Probably our sample is skewed - we're introverts judging by the fact we're spending our time typing into a computer forum rather than out and about with friends. Maybe extroverts get way more mileage out of therapy? :? Any extroverts care to chime in?
Extrovert here! I'll chime in. Doing well in therapy isn't about extroversion or introversion, since you're talking to just one person. Even a strong introvert is usually able to pull that off pretty well.

However, therapy is about having very robust social skills, an ability most aspies lack. In order to succeed in therapy, you MUST be able to figure out what your therapist wants to hear, when your therapist want to hear it, and how to phrase it. If you fail to do that, your therapist will be angry with you, and will retaliate somehow, usually by mocking you or pushing your emotional buttons. Like, if your therapist asks you how something made you feel, you're supposed to KNOW what to say and how to say it in a way your therapist likes. If you fail to do that, your therapist will trigger you in order to make you cry.

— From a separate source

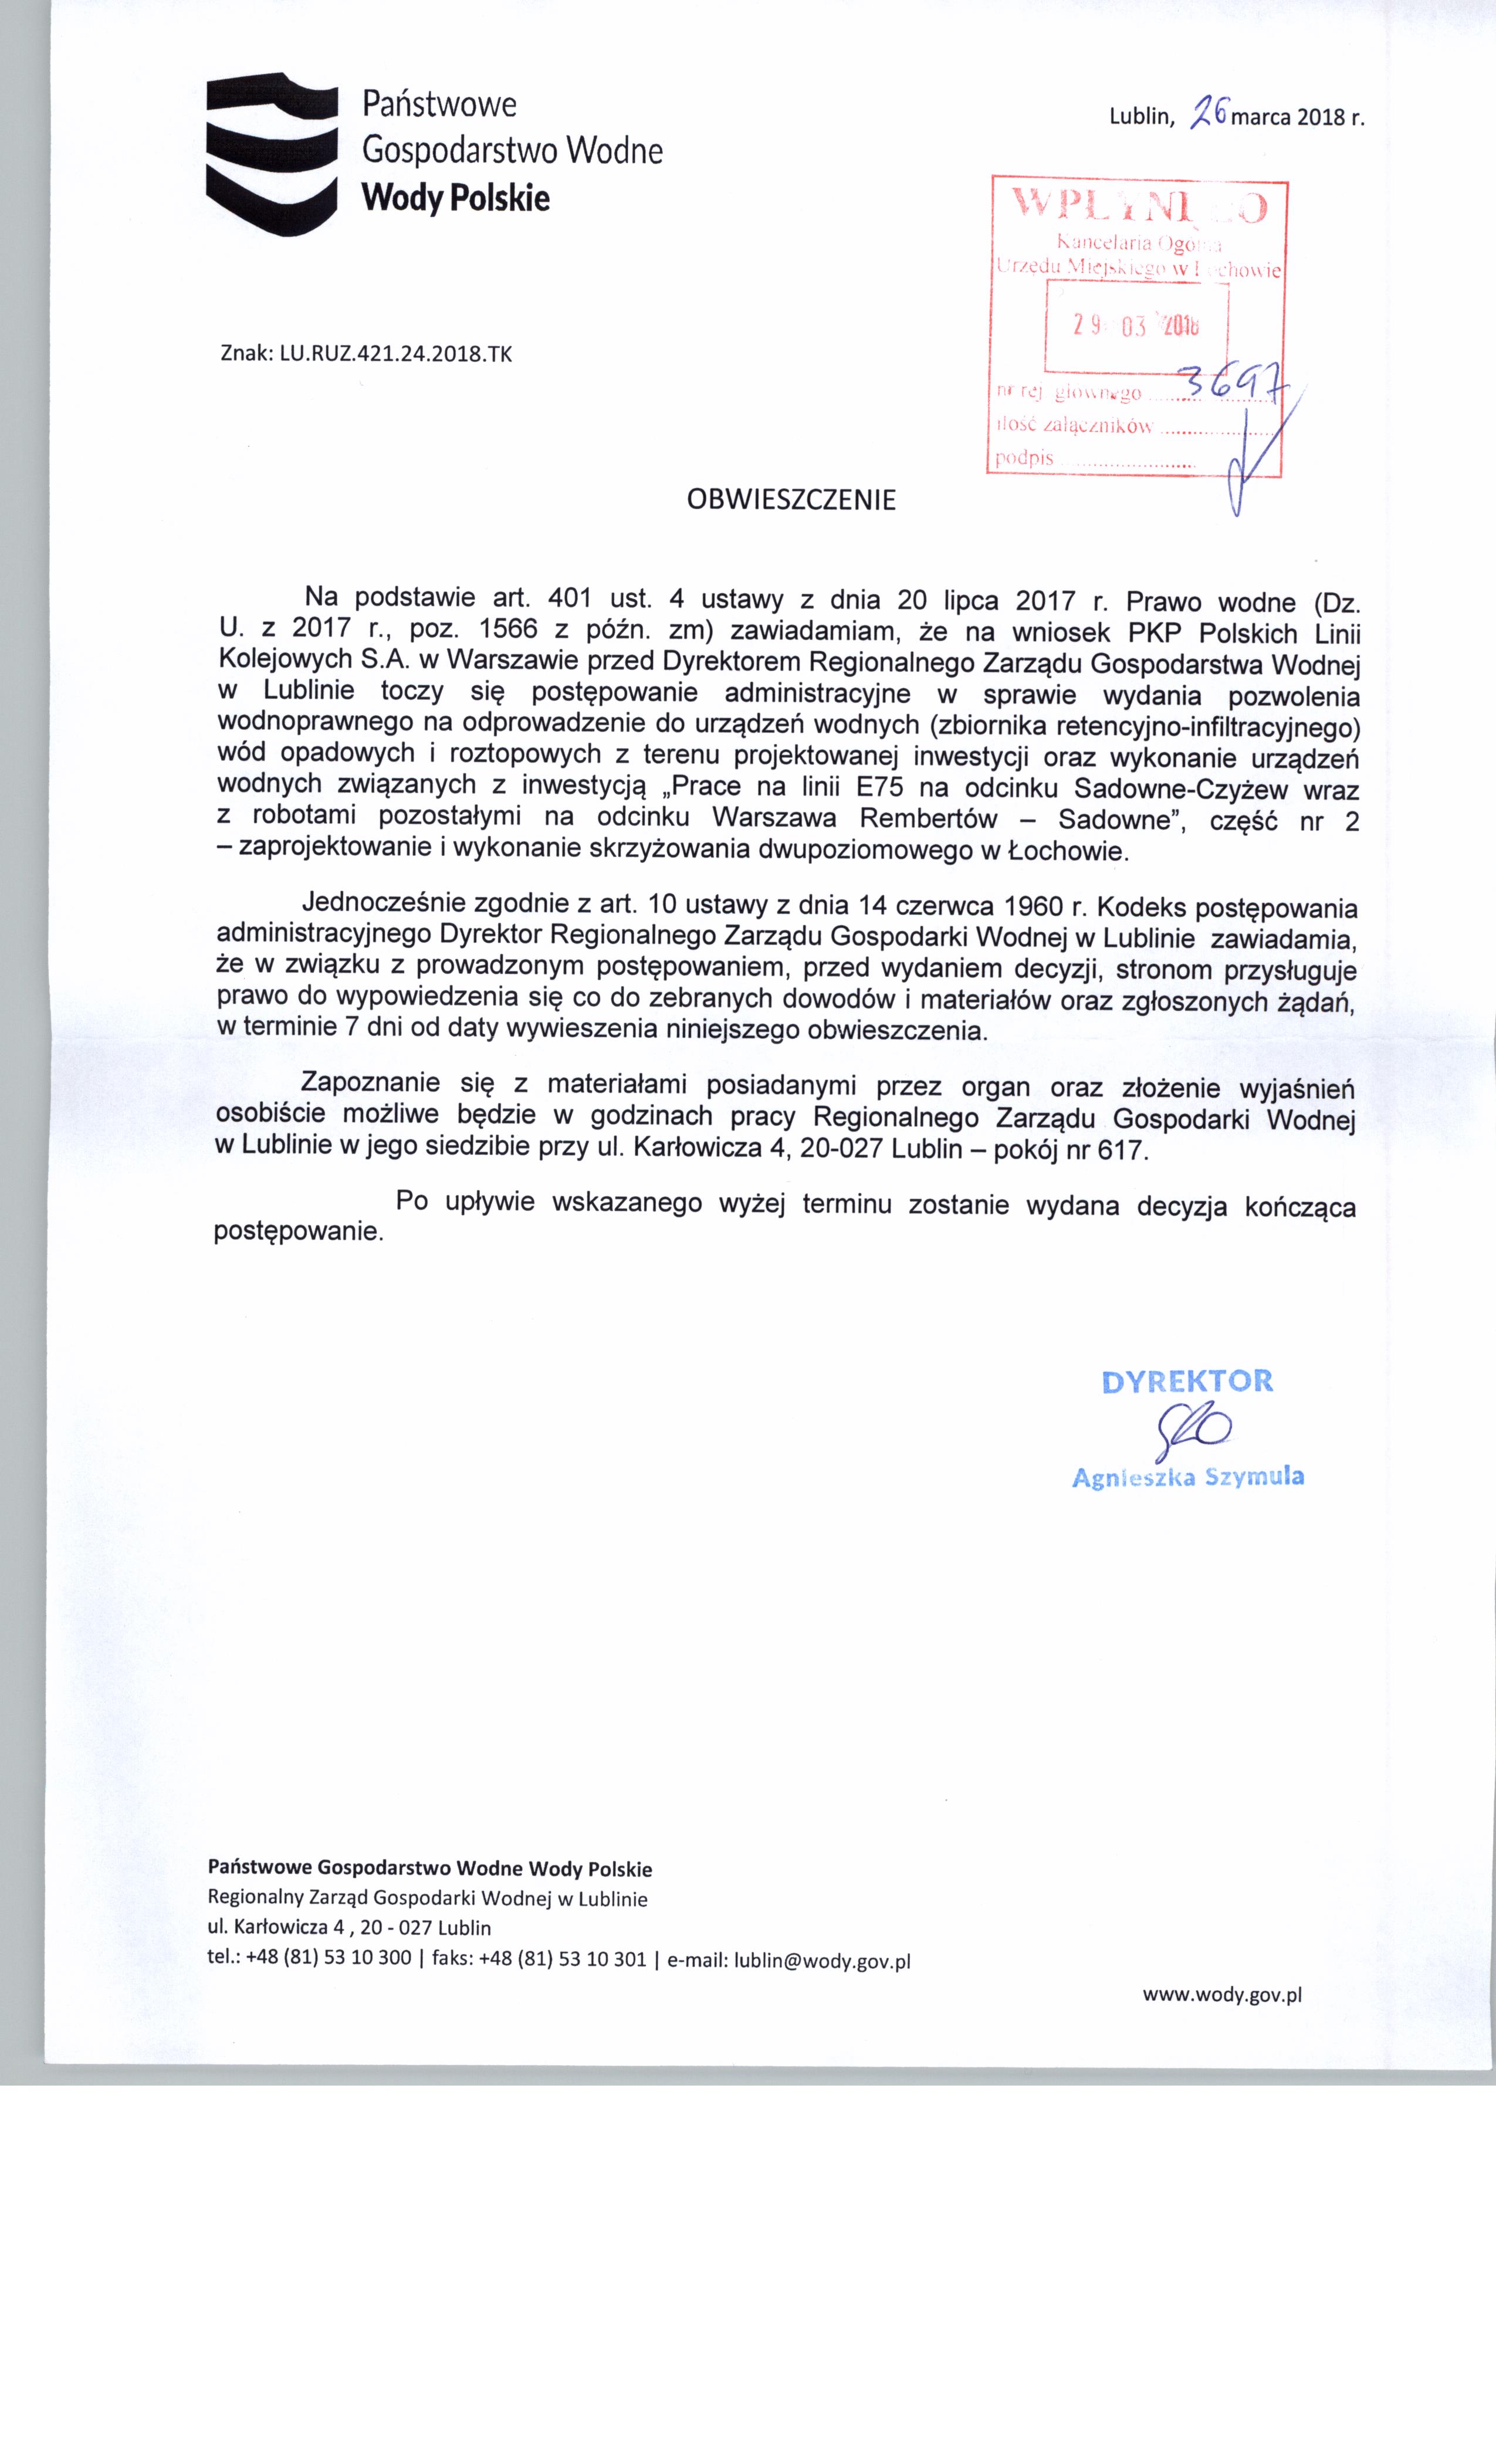 Obwieszczenie Dyrektora Regionalnego Zarządu Gospodarstwa Wodnego o postępowaniu administracyjnym dot. wydania pozwolenia wodnoprawnego

This is known as "negative reinforcement", and is meant to teach you to talk about your feelings the way your therapist wants to hear, all without teaching you the technical skills to do that.

Another example: if you're a teenager seeing a family therapist, she (let that person be a woman) DOES NOT want to hear you complain about your parents, and it's YOUR job to know this from the get-go. She is, after all, their ally helping them "fix" you. If you complain about them, she will mock you and/or rub the misery back in your face, although she will NEVER say to your face you're saying something wrong. You're supposed to learn on the fly not to complain about your parents again, unless their actions meet the therapy industry's mandated reporting standards, like physical abuse.

TL;DR: The only way for aspies to win at therapy is not to play the game at all. It's rigged against us by design.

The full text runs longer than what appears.